Effect of Intravenous Iron Repletion on Renal Function in Patients With Iron Deficiency and Acute Kidney Injury

September 30, 2024 updated by: Jonathan Samuel Chavez Iñiguez, Hospital Civil de Guadalajara

Effect of Intravenous Iron Repletion on Renal Function in Patients With Iron Deficiency and Acute Kidney Injury, Clinical Trial

This clinical trial aims to carry out research on the effect on hemoglobin and renal function of intravenous administration of iron dextran as a repletion strategy in patients with iron deficiency anemia and acute kidney injury, in which the patient may benefit from this drug as it is expected to correct anemia, ferropenia and renal function parameters, when compared with a control group (placebo), the safety of the drug will also be assessed by recording adverse effects.

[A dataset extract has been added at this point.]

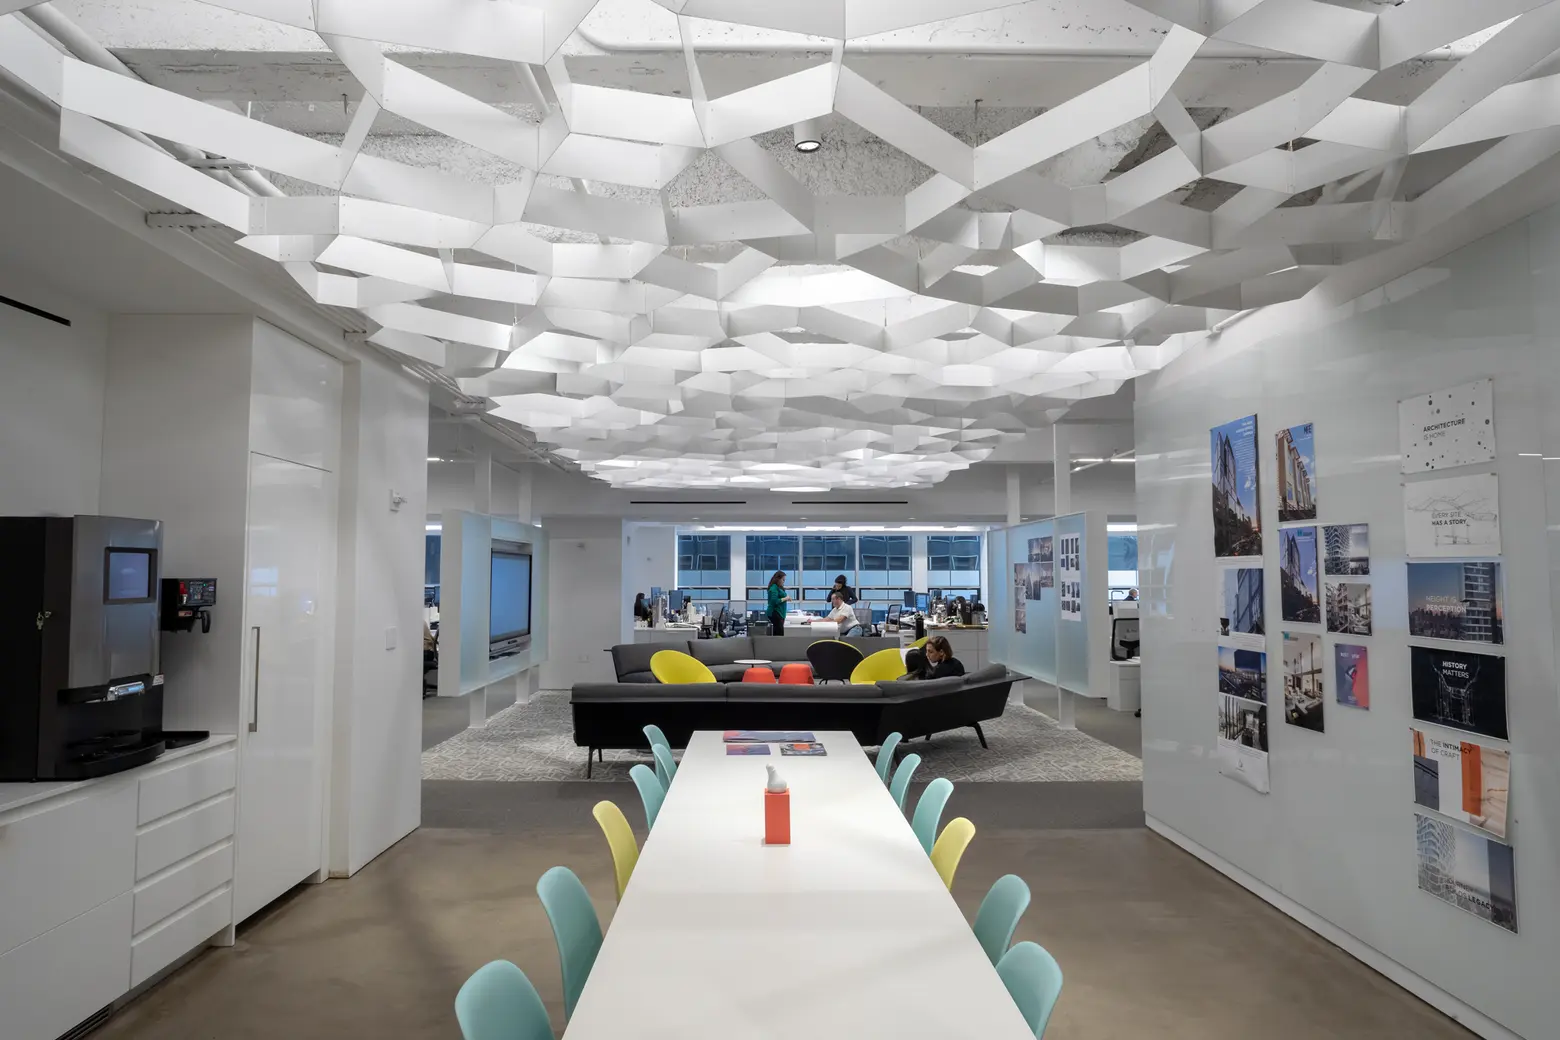 Where I Work: Architecture and interiors firm CetraRuddy shows off their self-designed offices

The investigators will point out with the patient the risks and benefits of their inclusion in this type of study and the investigators will attend to all the doubts that are generated, as well as immediately report to the research ethics committee any serious adverse effects. The results will be presented at national and international conferences and will be published in high-impact journals, and will also be the subject of a thesis to achieve the title of specialist.

Study Overview

Status

Completed

Intervention / Treatment

Detailed Description

Acute kidney injury is a complication that occurs in up to 30% of hospitalized patients, iron deficiency has a high incidence in the critically ill patient population and has been associated with multiple complications such as the development of anemia and renal dysfunction. The presence of iron deficiency, anemia and acute kidney damage is a common combination in critically ill patients and it has been seen that iron deficiency promotes mitochondrial dysfunction and this can be improved with the correction of intravenous iron, as has happened in clinical trials of patients with acute heart failure, improving their clinical evolution.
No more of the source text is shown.